From the records below, please print only the lines from the one containing "Citroen C4 Cactus" through the one containing "SPRAY FIRE SUPPRESSANT", both included. Skip the pictures.

Records supplied:
───
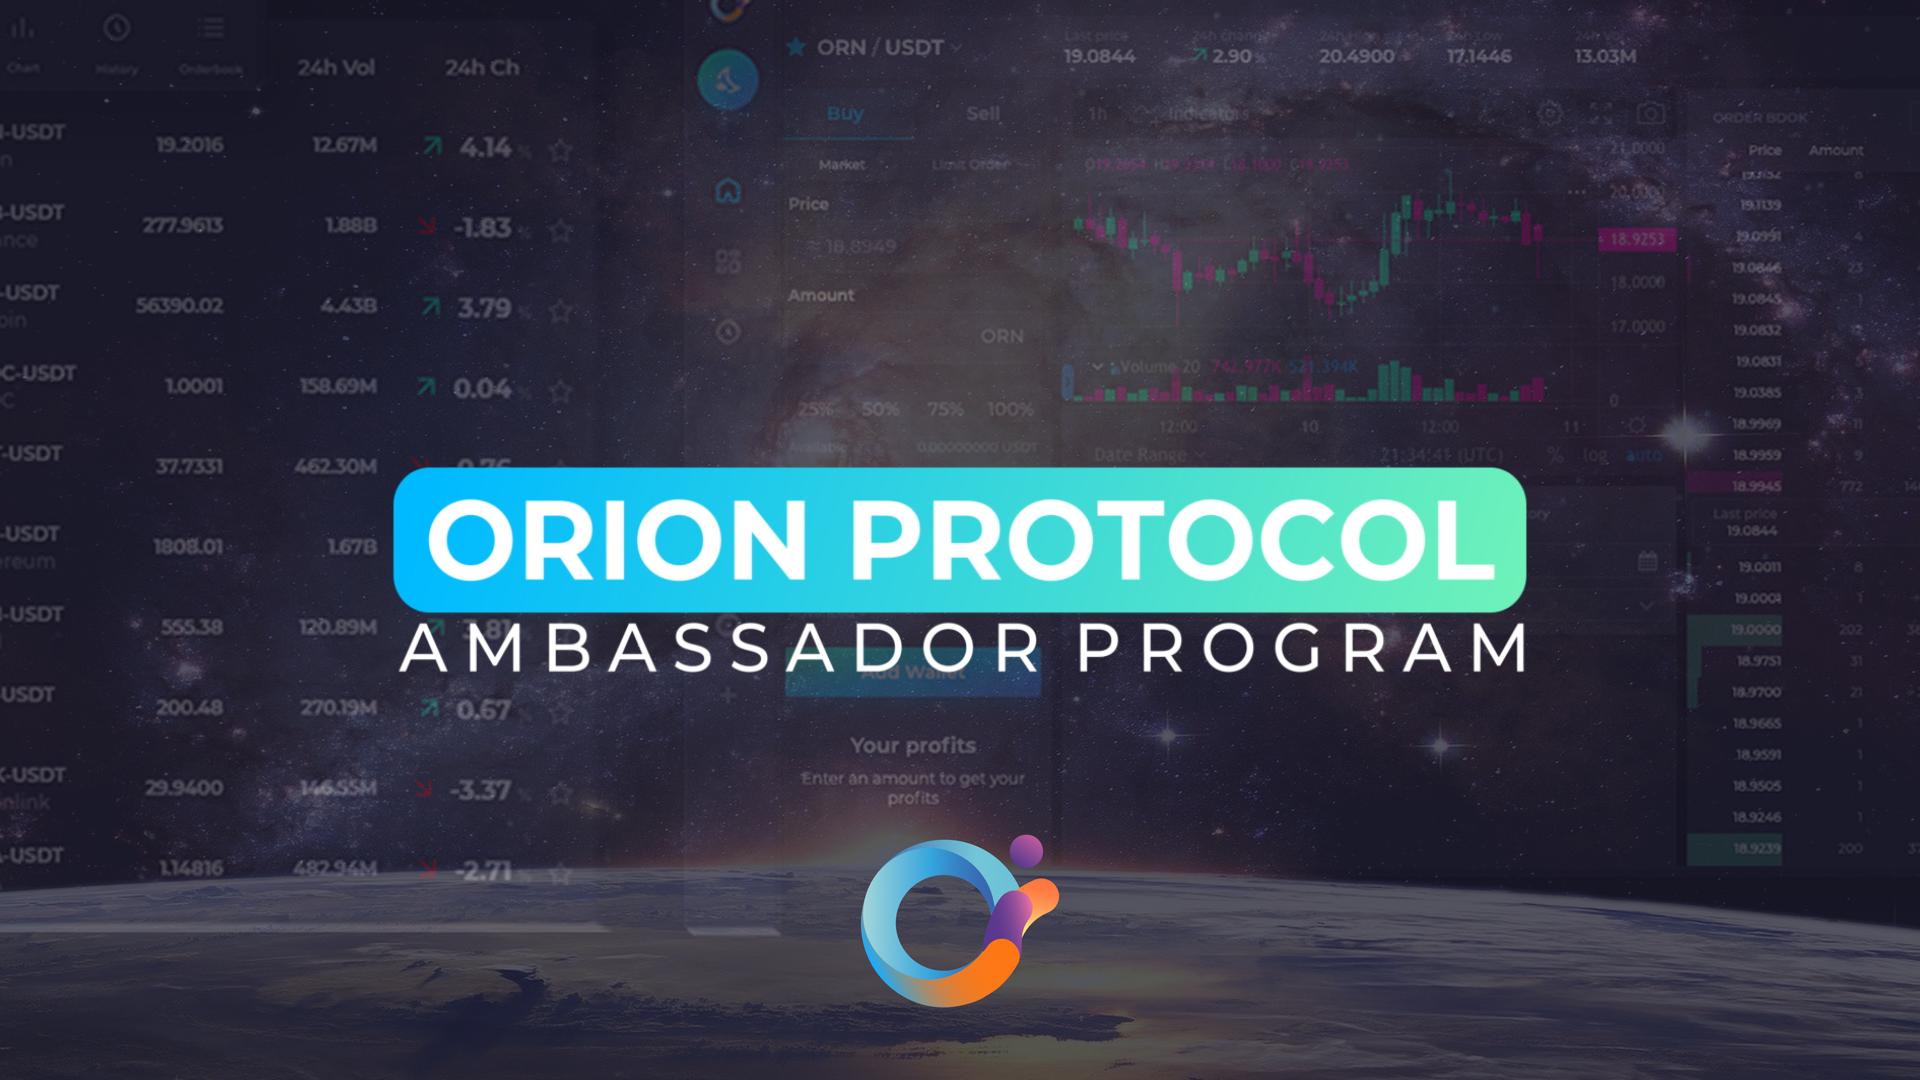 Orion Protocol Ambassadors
───
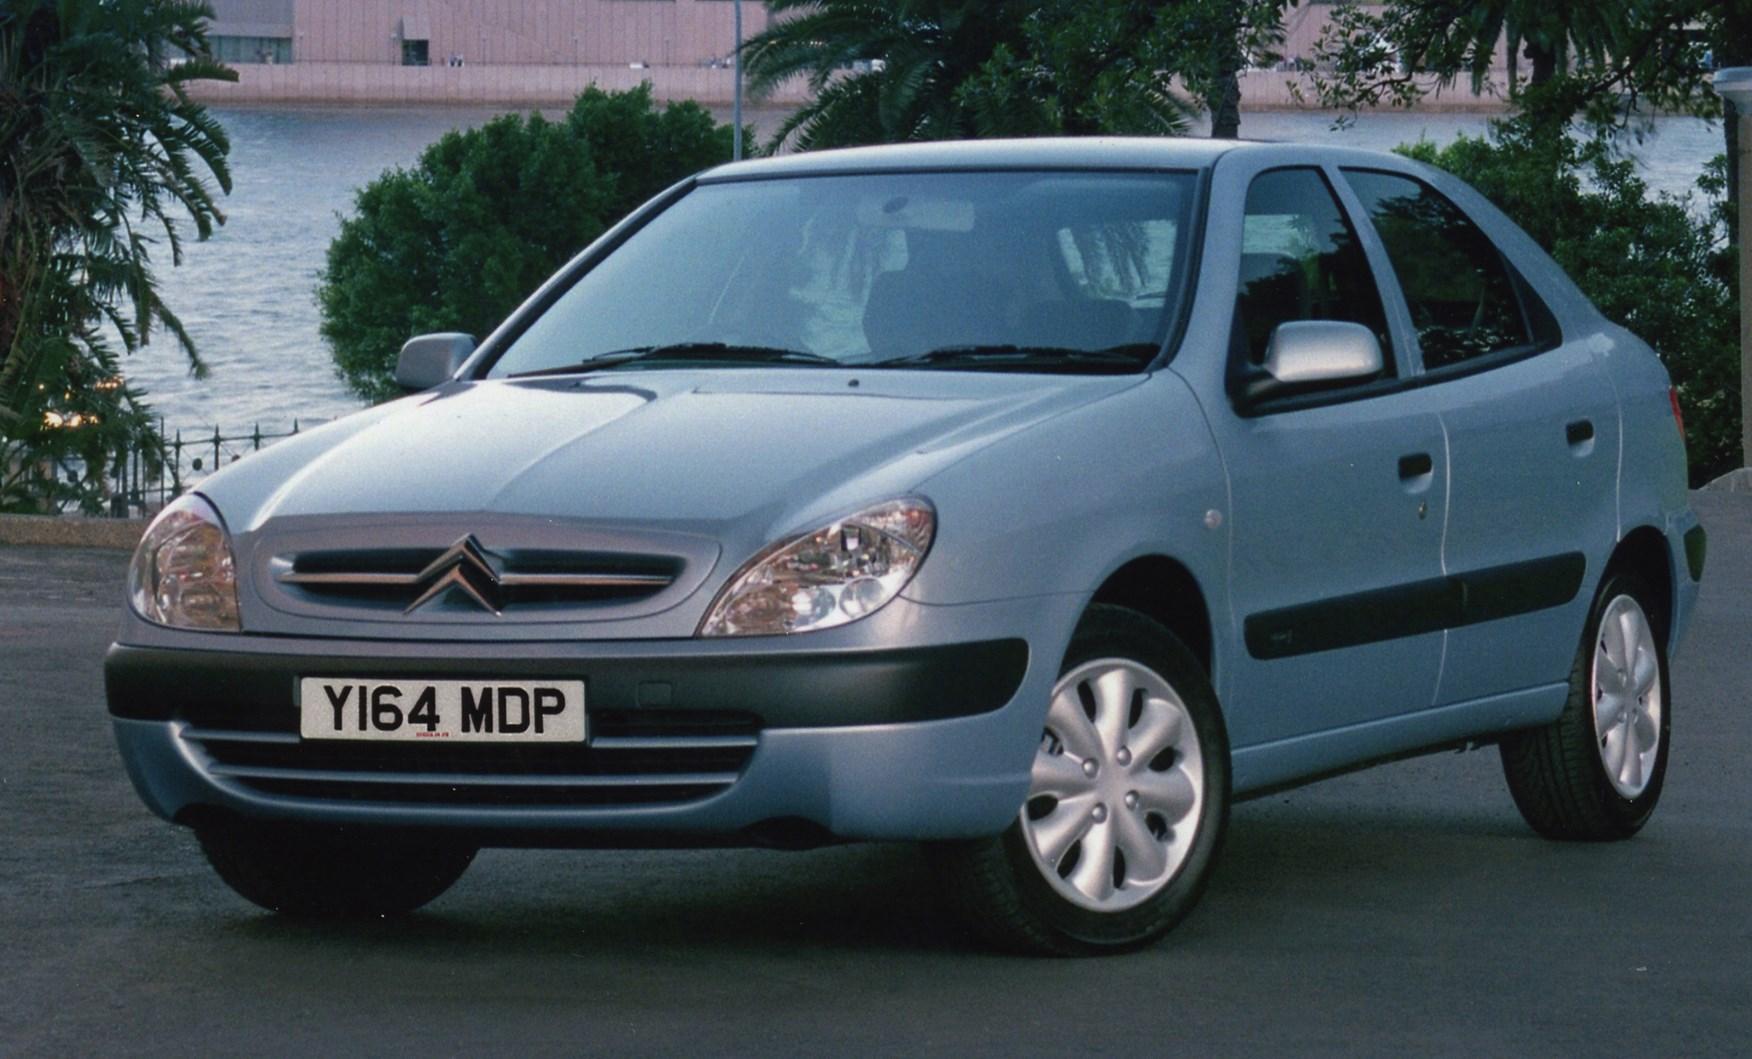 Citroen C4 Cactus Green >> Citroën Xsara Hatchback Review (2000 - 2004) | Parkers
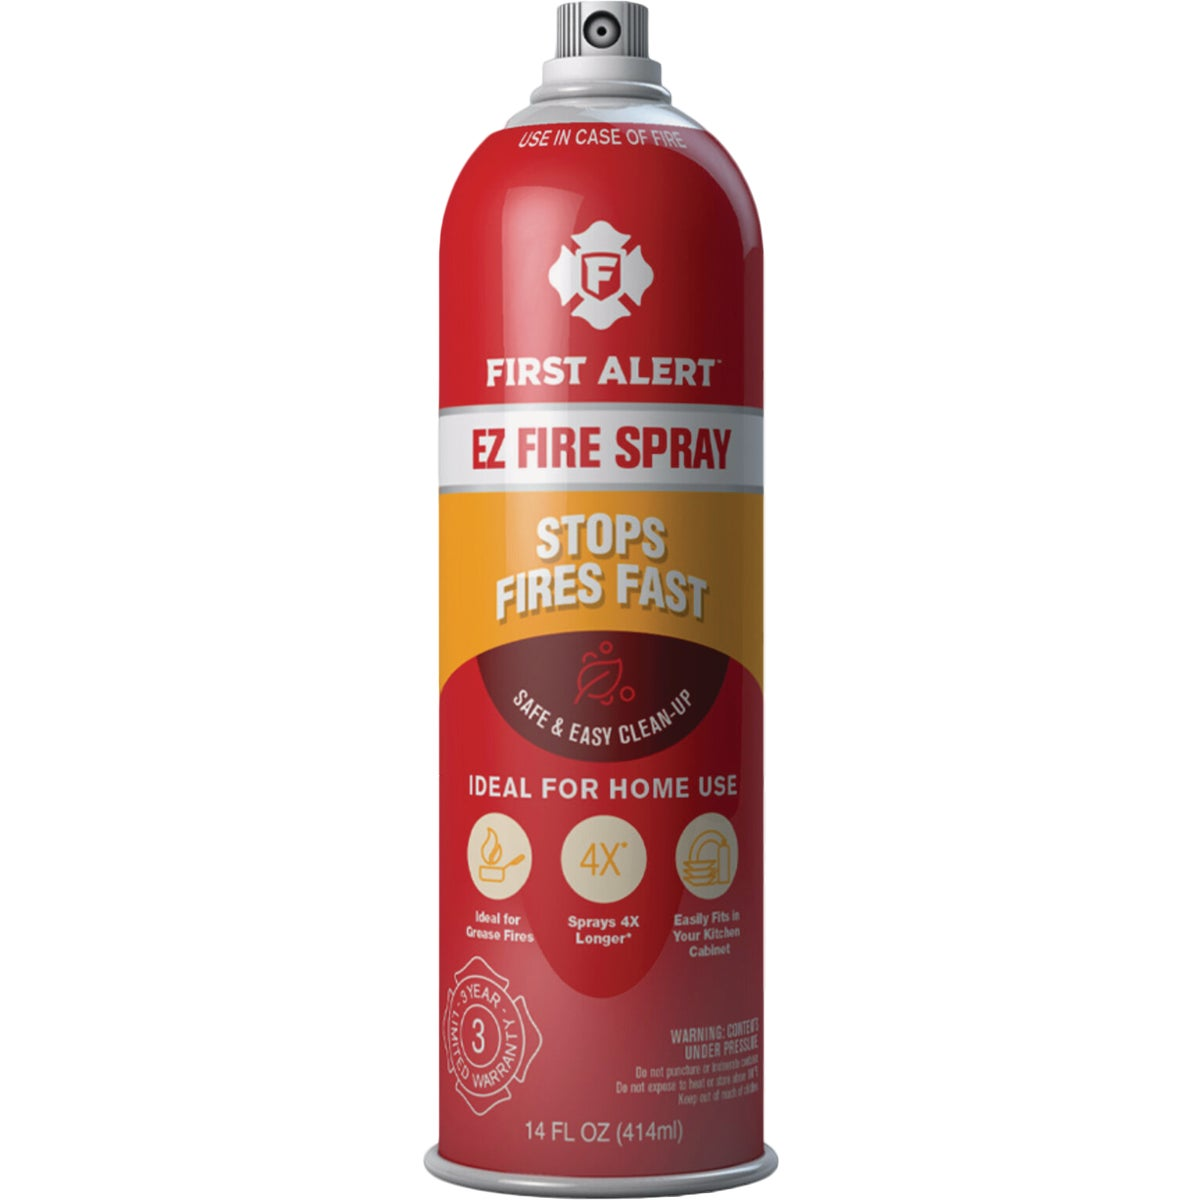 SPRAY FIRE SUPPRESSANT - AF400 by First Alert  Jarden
───
Task answer:
 Citroen C4 Cactus Green >> Citroën Xsara Hatchback Review (2000 - 2004) | Parkers
 SPRAY FIRE SUPPRESSANT - AF400 by First Alert  Jarden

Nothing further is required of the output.